I recently received a Fulbright Research grant to study aging, this entry dives deeper into the potential and impact of this project.
This project develops a German-language AI assistant designed to help older adults manage everyday tasks while preserving autonomy and dignity. Based at Charité in Berlin, it combines large language models with real-world testing to evaluate how AI can support independent aging in practice.
What if outsourcing higher-level Cognitive Processes could help people with Cognitive Impairment maintain independence and possibly improve in their condition?
As AI becomes more powerful, a key question remains: who actually benefits from it? Humans will eventually converge with machine, Neuralink (linked, covered in a previous entry) provides an extreme, cyborg, sci-fi-like reality. Despite this, we’ve yet to understand how humans interact and could benefit from intelligent machines taking on complex cognitive processes.
AI has made up $20.7 trillion in market-cap (companies market cap database), it is debated whether this have translated to real-life value. The lifetime risk of dementia after age 55 years is 42% in the US alone (Fang et Al. 2025). Application of AI tools that have great thinking ability, could potentially serve as an adaptive support system or supplement for individuals older adults at risk of dementia.
I explore this concept in my upcoming Fulbright Research Project at Charité – Universitätsmedizin Berlin, where I will develop and design a framework where humans can directly benefit from AI:

Figure 1 – Development Chart
The system may help a user interpret an official letter, plan a trip across the city, or turn a recipe into a structured shopping list. Whether this kind of support can truly improve quality of life, slow cognitive decline, or reduce anxiety remains a major wall for many individuals and families. This project aims to examine that wall directly, and if possible, begin to break it.
Human-Machine interaction is the key to fully unlocking the potential of thinking machines.

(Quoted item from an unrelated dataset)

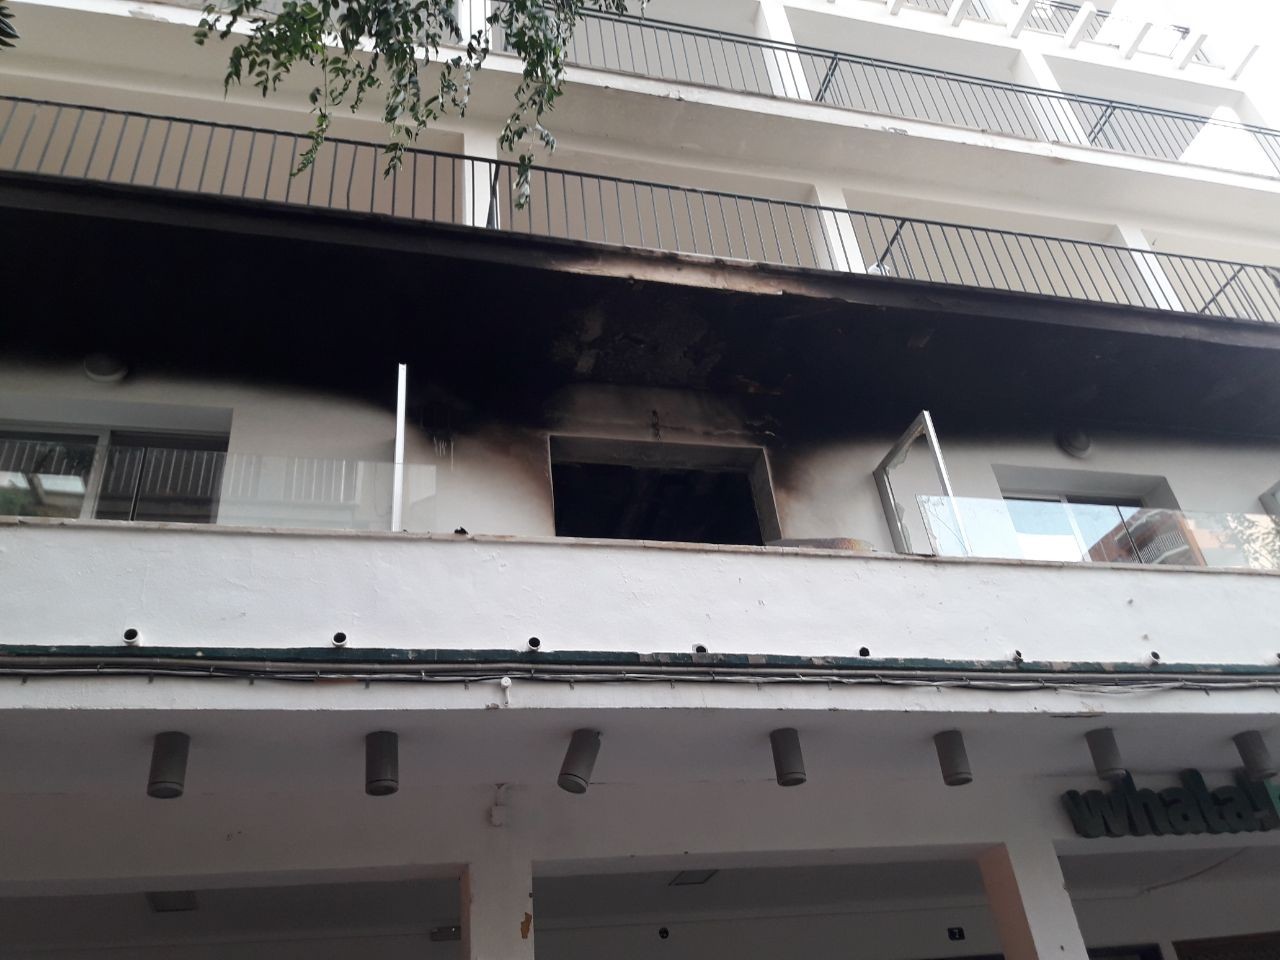 Urlaub auf Mallorca: Das von der Feuerwehr zur Verfügung gestellte Foto zeigt die ausgebrannte Fassade des Hotels.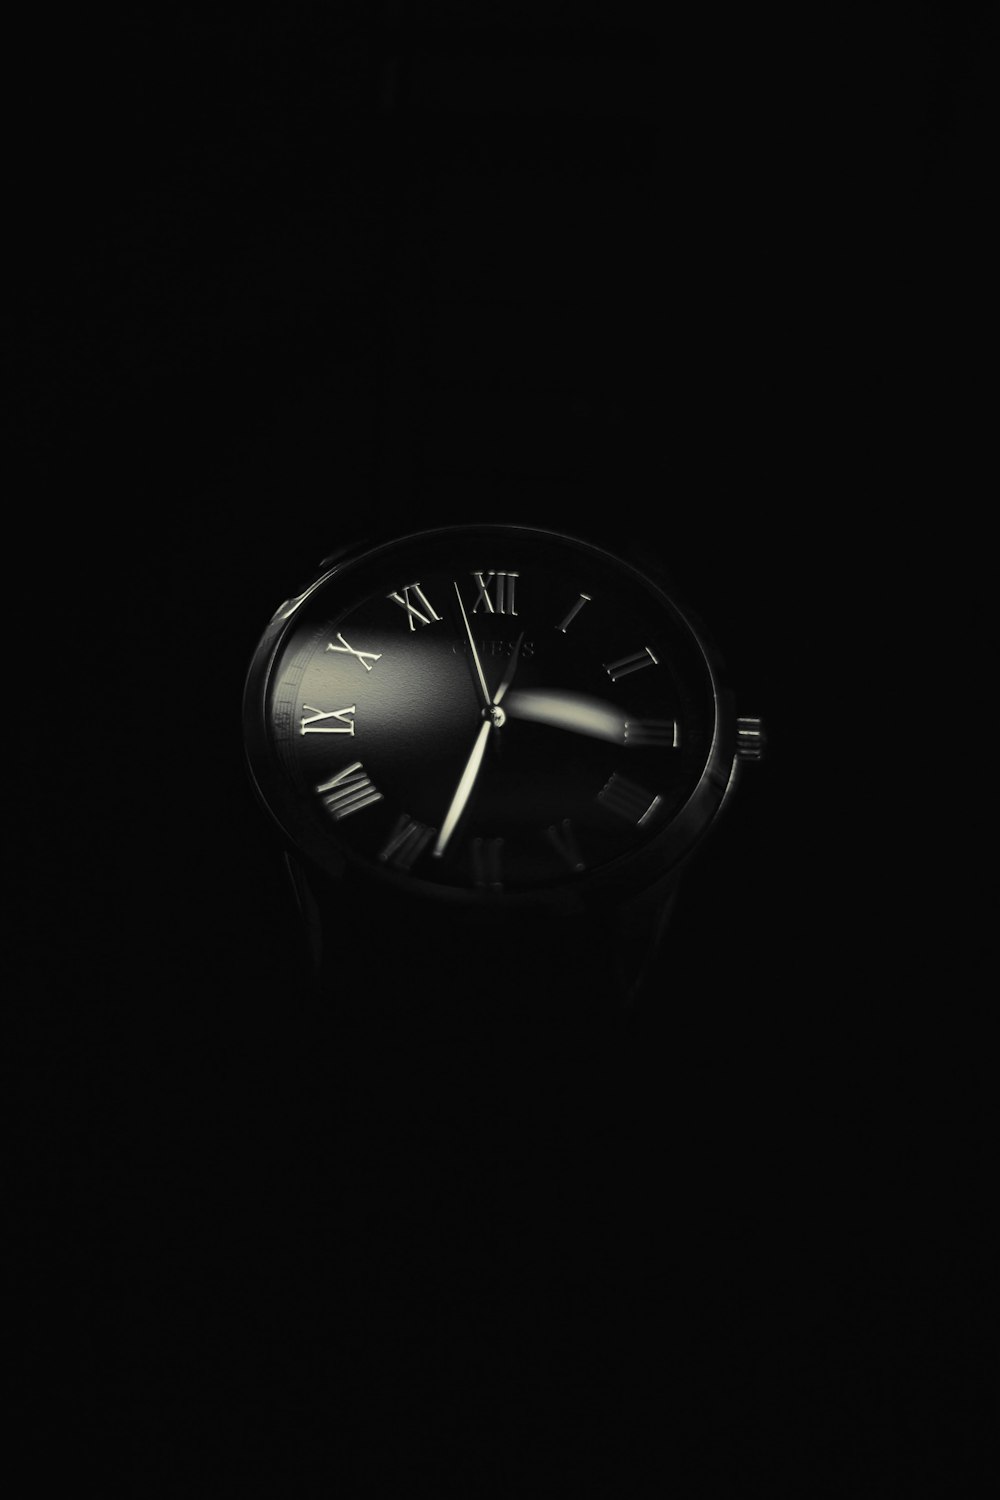 uma foto em preto e branco de um relógio no escuro

Understanding the effects and perfecting design will shape and push the limits of integrating with this technology in addition to understanding what AI really does and means for humanity.
AI simplifies intelligence, which in its essence is prediction with some pattern recognition, which is a new way for humans to develop knowledge and understand the world around us.
This project is part of my Fulbright research; views are my own.
Sources:
https://companiesmarketcap.com/artificial-intelligence/largest-ai-companies-by-marketcap/
Fang M, Hu J, Weiss J, Knopman DS, Albert M, Windham BG, Walker KA, Sharrett AR, Gottesman RF, Lutsey PL, Mosley T, Selvin E, Coresh J. Lifetime risk and projected burden of dementia. Nat Med. 2025 Mar;31(3):772-776. doi: 10.1038/s41591-024-03340-9. Epub 2025 Jan 13. PMID: 39806070; PMCID: PMC12305800.